Посоветовавшись с главным инженером, Молодцов решил назначить комбайнером Глафиру Соколову, но не было для нее хорошего штурвального. Сначала думали о Мартьяне Голубенкове, но потом порешили прикрепить его к Соколову. Иван Михайлович считал их друзьями и думал, что они будут отличными напарниками. Соколов в то время находился в отпуске и только вчера возвратился с курорта. Перед его приездом сбежала от бабки Даша и решительно отказалась возвращаться обратно. В доме Соколовых из-за этого шла легкая перепалка. Приходила Агафья Нестеровна и поведала, что видела их с Федькой за кузней, сидевших в обнимку. Они даже и не заметили, как она прошла мимо, разыскивая сбежавшего телка.

Вечером Мартьян встретил Глафиру в клубе и пошел с ней вместе мимо огородов.

– Получаешь новую машину? – спросил Мартьян.

– Ты ведь знаешь, а зачем-то спрашиваешь, – проговорила Глаша. – Может быть, сердишься, что не тебе отдали? Так я могу и отказаться.

– Ну как тебе не стыдно, Глафира. Я рад и даже хотел проситься к тебе штурвальным.

– Я была бы тоже рада, только из этого ничего не выйдет, – ответила Глаша. – Об этом и думать не стоит.

– Мне и думать запрещено?

Мартьян долго готовился к такому разговору, но с первых же слов почувствовал в ее тоне решительный отказ.

– Ты можешь думать одно, а люди – другое.

– Какие люди? – настраиваясь все более воинственно, спросил он.

– Будто не знаешь? – Глаше очень трудно было отказать ему в просьбе, тем более что комбайн в Сибири оставил Мартьян, вернулся с Почетной грамотой за отличную уборку, и все механизаторы полагали, что новую машину получит он.

– А что я должен знать?

– Если мы станем вместе работать, то Варя и Агафья Нестеровна ощиплют меня наголо, да и тебя тоже, – проговорила наконец Глафира и, словно испугавшись своих слов, убыстрила шаг.

– Ах, вот оно что? Ну, мне на это наплевать.

– А мне нет. Извини, Мартьян, я тороплюсь домой.

– Не спеши.

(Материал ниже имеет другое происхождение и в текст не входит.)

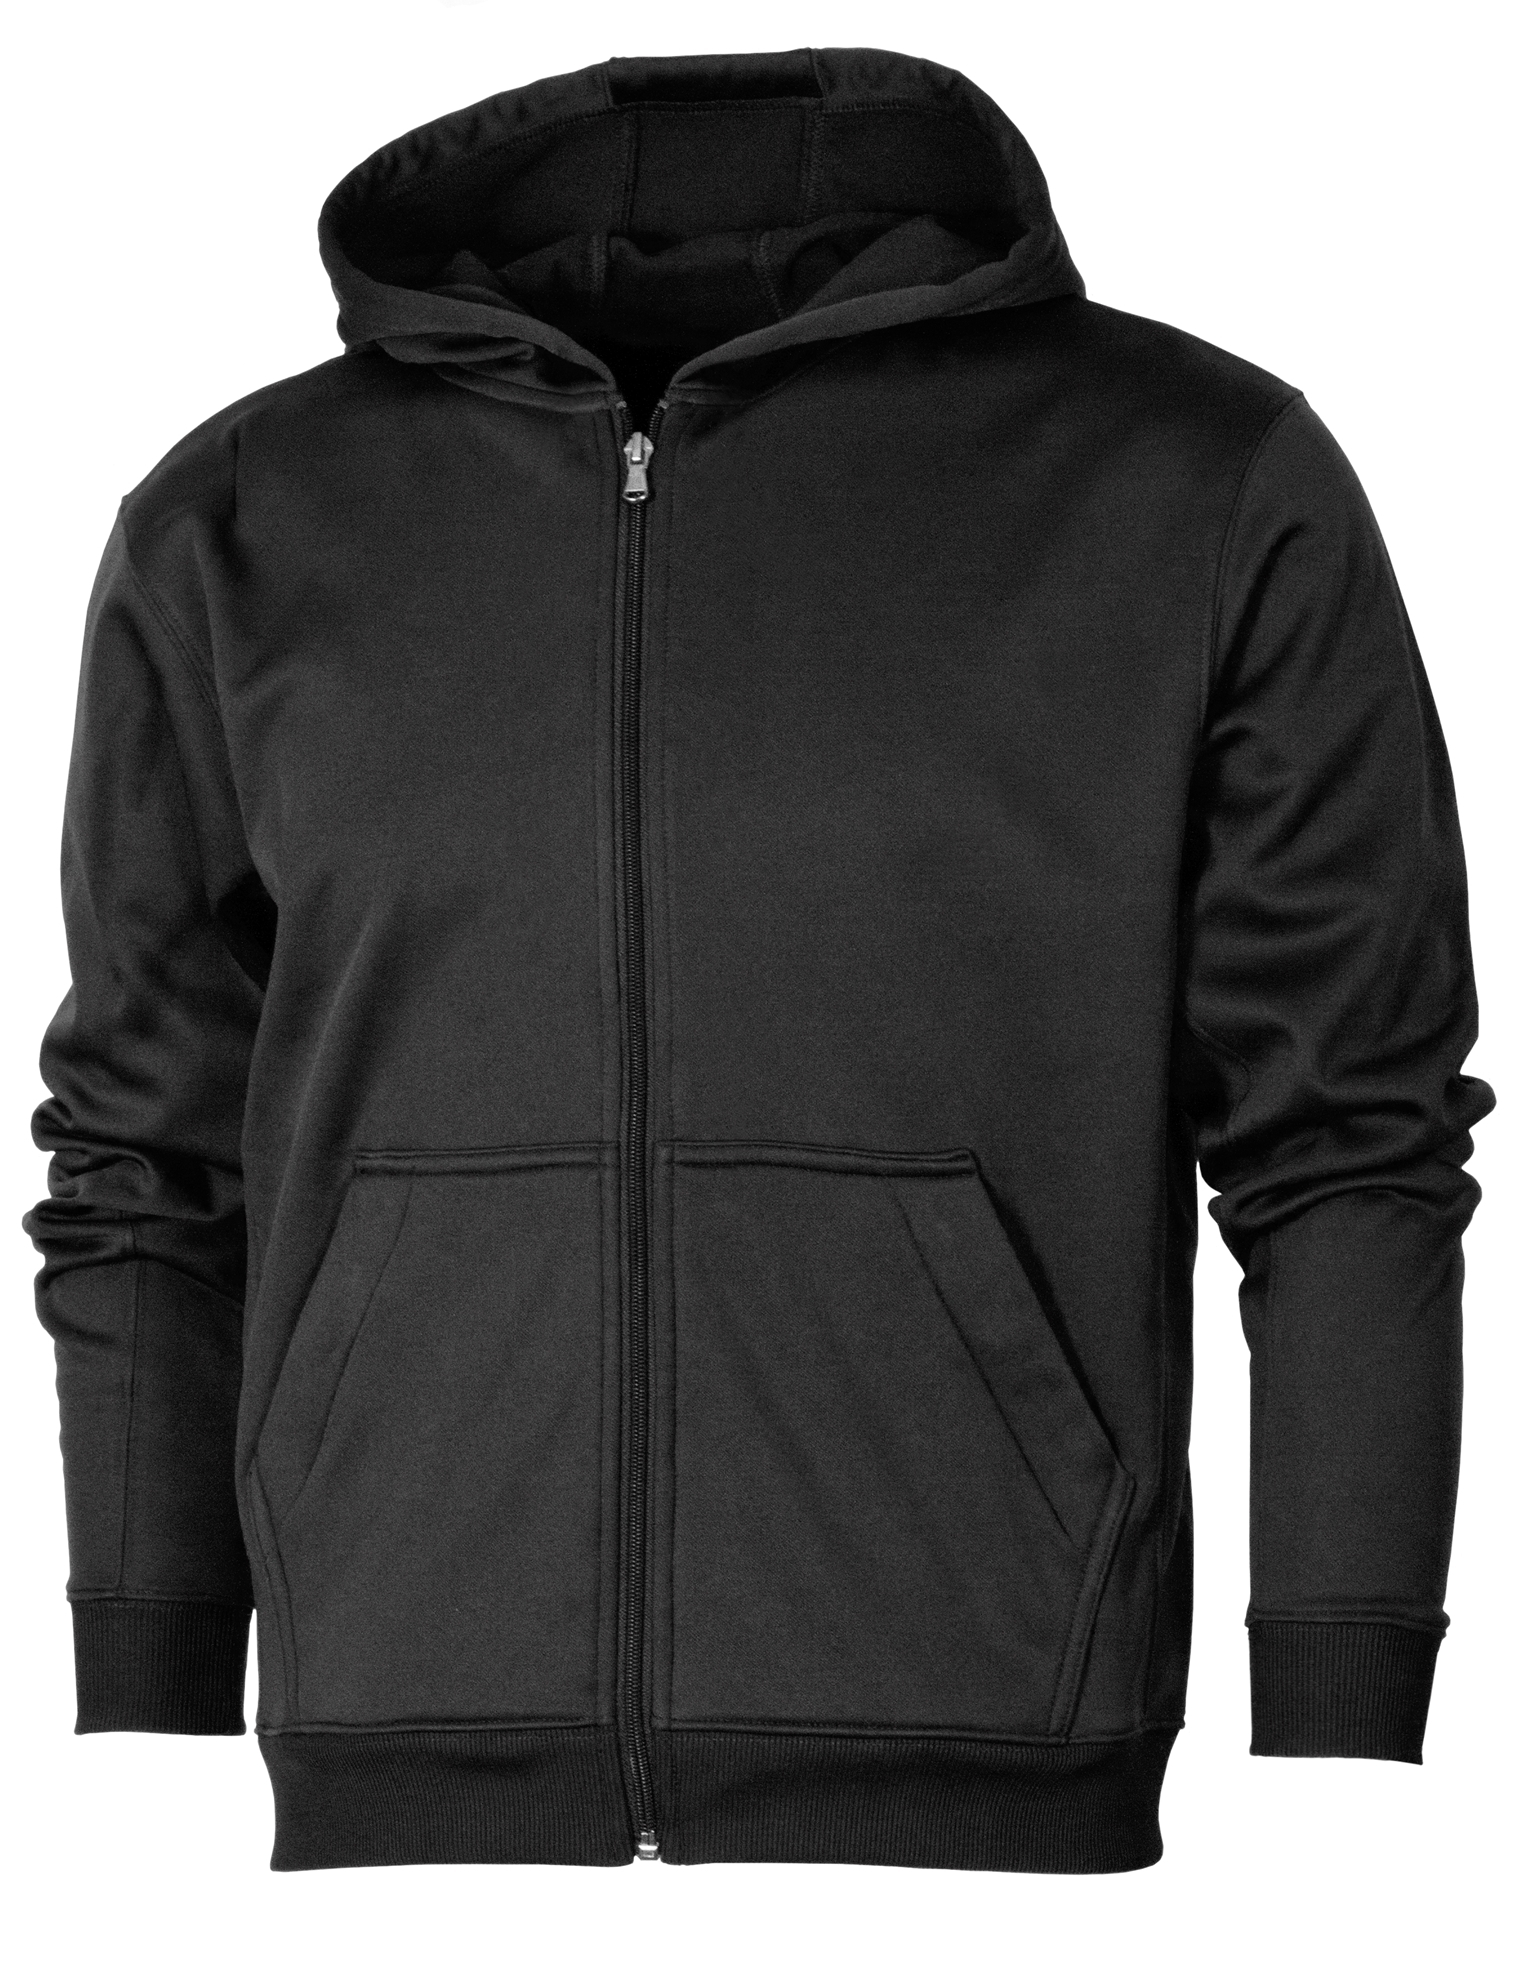 BAW Athletic Wear F160Y - Youth Dry-Tek Full Zip Sweatshirt

Я тоже туда, к вам иду, главного соколика хочу потрепать, пощипать у него перышки, – с задором сказал Мартьян.

Увидев его вместе со снохой, Соколов еще больше помрачнел. Он только что воевал с Дашей и заступившейся за дочь Анной Сергеевной и проиграл сражение. Михаил Лукьянович не знал еще, что руководство совхоза, не спросив даже его мнения, лишило его такого отличного штурвального, как Глафира. Сейчас он сидел на веранде и выправлял велосипедное колесо, кем-то опять искривленное.

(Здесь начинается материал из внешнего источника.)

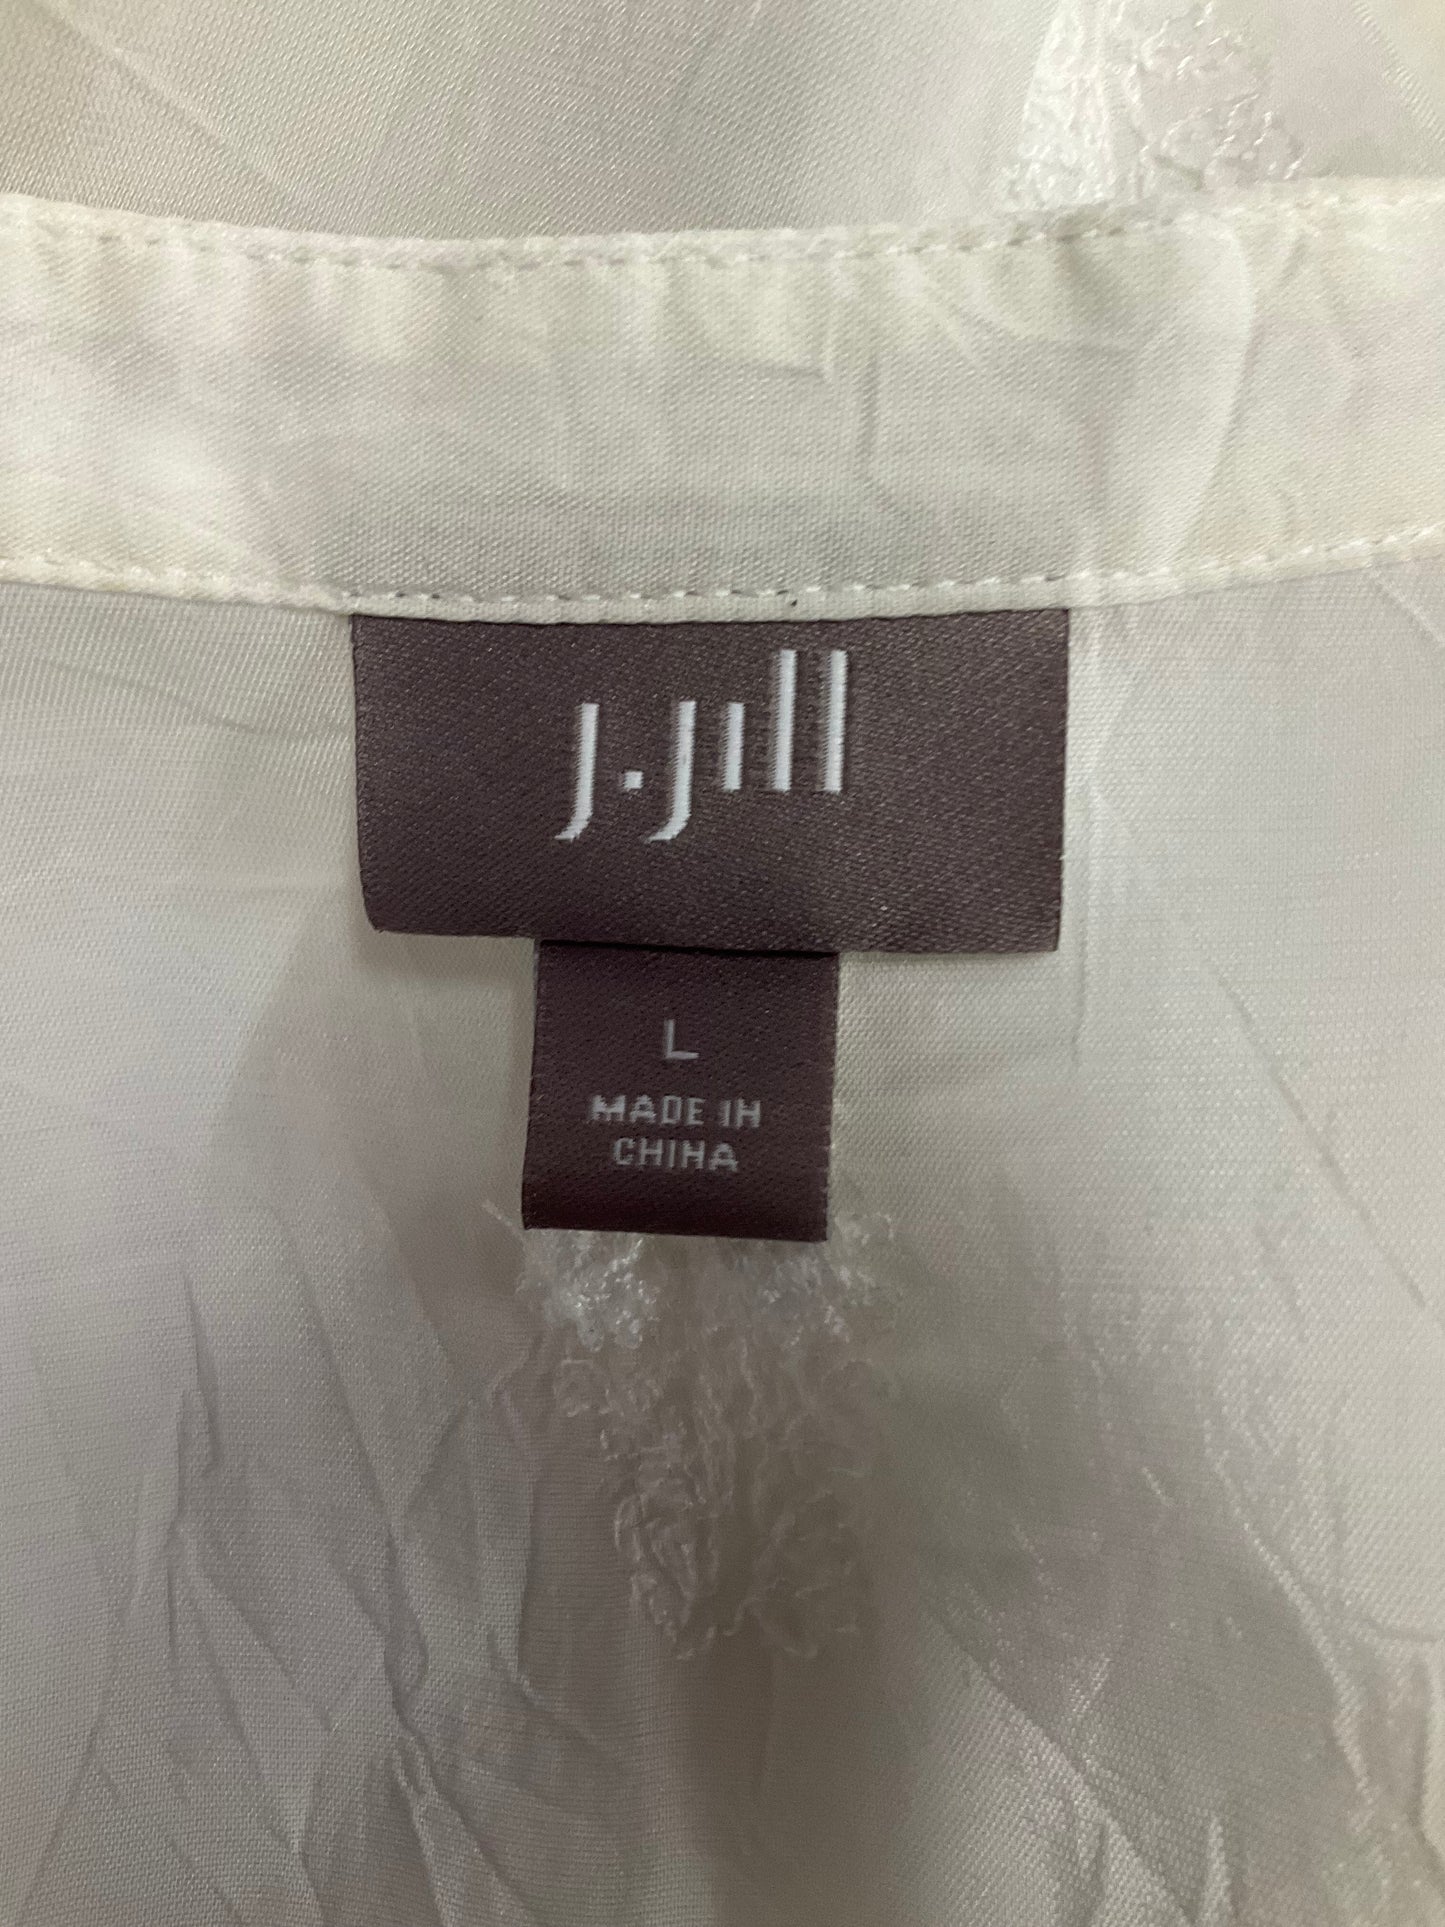 Blouse Long Sleeve By J. Jill  Size: L

Расспросив, как он отдыхал и лечился, Мартьян сообщил о новых наметках дирекции.

– Придется тебе, Миша, с Глафирой расстаться, – сказал Мартьян.

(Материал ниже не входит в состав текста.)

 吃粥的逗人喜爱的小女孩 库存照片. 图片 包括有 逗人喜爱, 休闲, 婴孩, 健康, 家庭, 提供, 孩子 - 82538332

– Переманил, что ли? – с издевкой спросил Соколов.

– Не думал.

– Мне все твои думки известны. Пока я жив, этого не будет, – сумрачно и глухо проговорил Михаил Лукьянович.

– Плохо, я смотрю, тебя там подлечили, совсем нервный стад, – подзадоривал его Мартьян. – Куражишься, друг?

– Не куражусь, а над тобой, дурачком, потешаюсь. – Соколов все больше и больше распалялся.